ACE-Step 1.5 Music Generation AIO is a text-to-audio ComfyUI workflow that turns style tags and lyrics into a complete song. You provide short descriptors like "modern pop, female vocal, lush synths" plus your lyrics, and the graph handles the rest—sampling, decoding, and exporting MP3—so you can audition ideas in seconds on consumer hardware. It’s organized into clear groups—Step 1: Load Model, Step 2: Duration, Step 3: Prompt—so you always know where to set the checkpoint, how long the track should be, and what the model should sing or sound like.
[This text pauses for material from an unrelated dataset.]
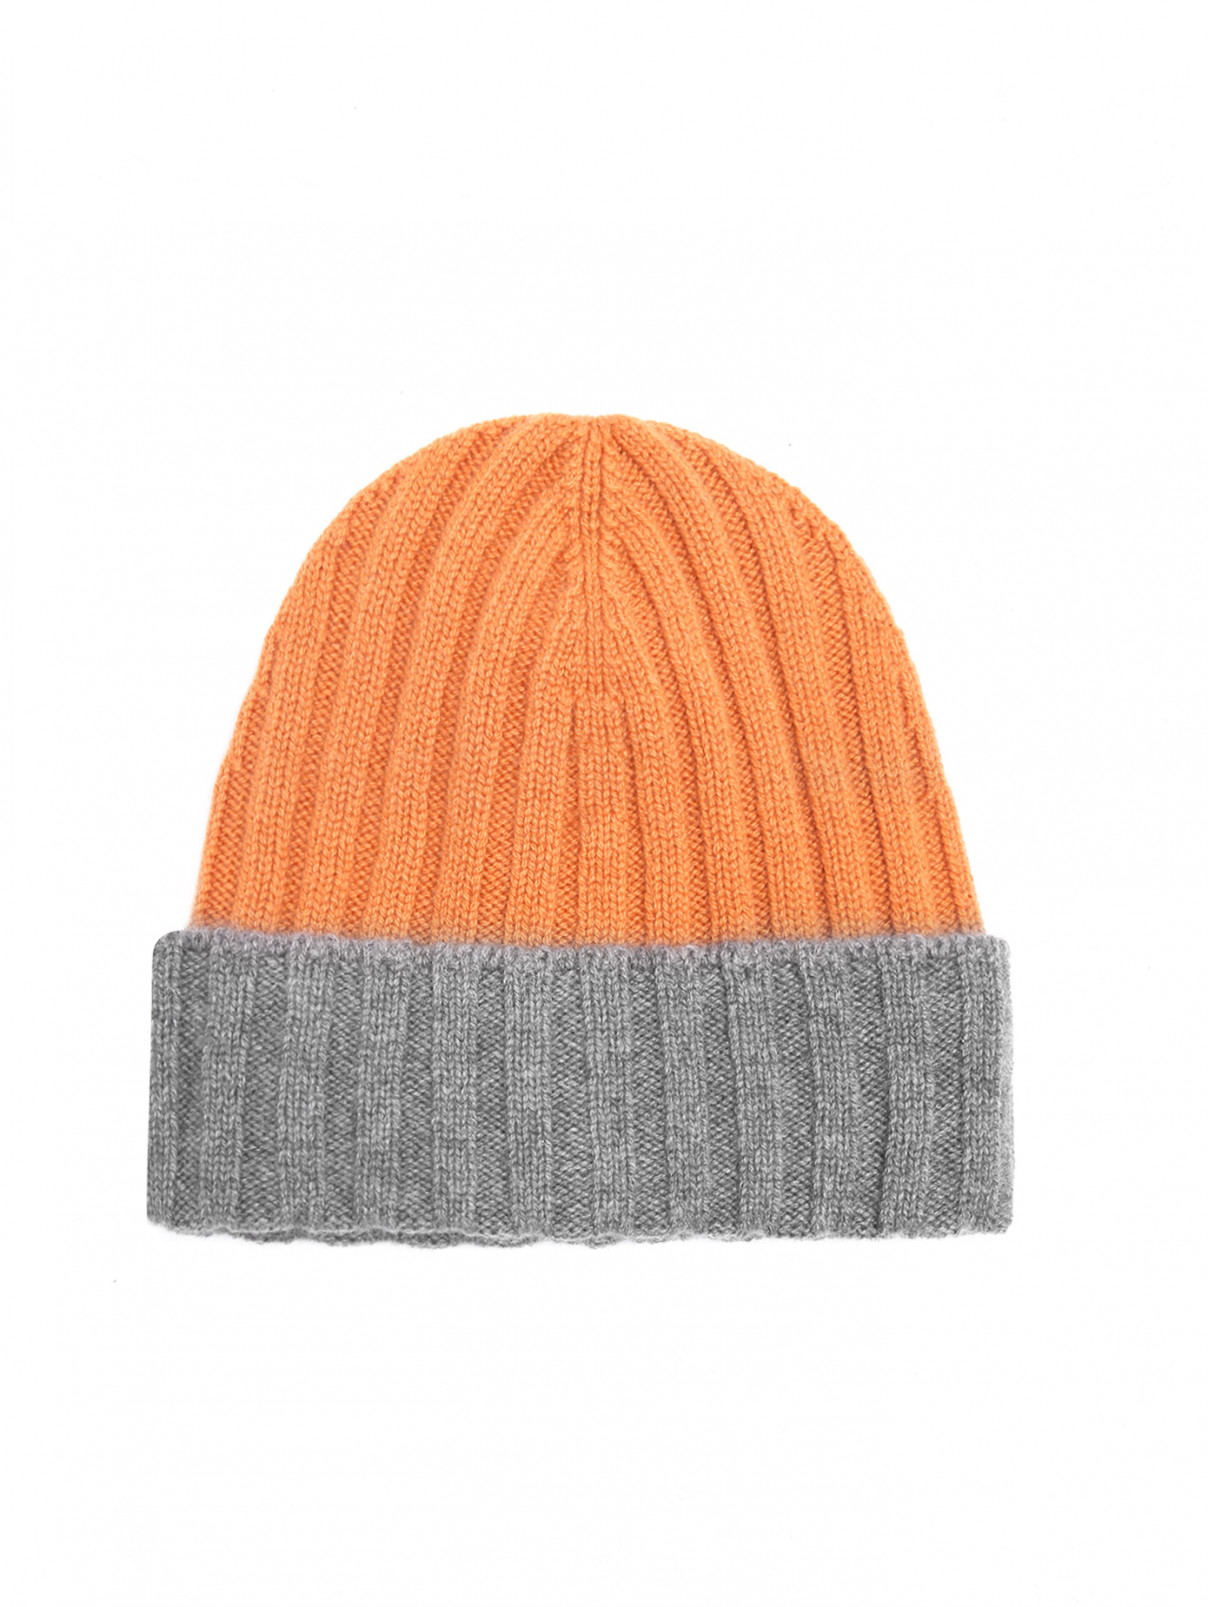 Комбинированная шапка из кашемира Gran Sasso  –  Общий вид  – Цвет:  Оранжевый

Under the hood, CheckpointLoaderSimple loads the ACE-Step 1.5 checkpoint (ace_step_1.5_turbo_aio.safetensors). TextEncodeAceStepAudio1.5 converts your style tags and lyrics into ACE-specific conditioning vectors. ConditioningZeroOut is used to cleanly disable unused conditioning channels (for example, when you’re not providing a secondary or negative prompt), preventing unintended bias. EmptyAceStep1.5LatentAudio creates an empty latent audio canvas for the exact duration you request. ModelSamplingAuraFlow configures the correct sampler/scheduler combination for ACE-Step 1.5, and KSampler iteratively refines the latent into a coherent track based on your prompt. VAEDecodeAudio turns the final latent into waveform audio, and SaveAudioMP3 writes the result to your ComfyUI output folder. PrimitiveNode widgets expose practical knobs like steps, CFG, seed, and seconds so you can tweak speed, quality, and reproducibility.
This setup is useful for fast songwriting demos, genre exploration, and content beds. You get precise control over duration and a repeatable workflow via the seed. The graph ships with sensible defaults so you can generate a short track quickly, then dial in higher quality by raising steps or refining style tags and lyric phrasing.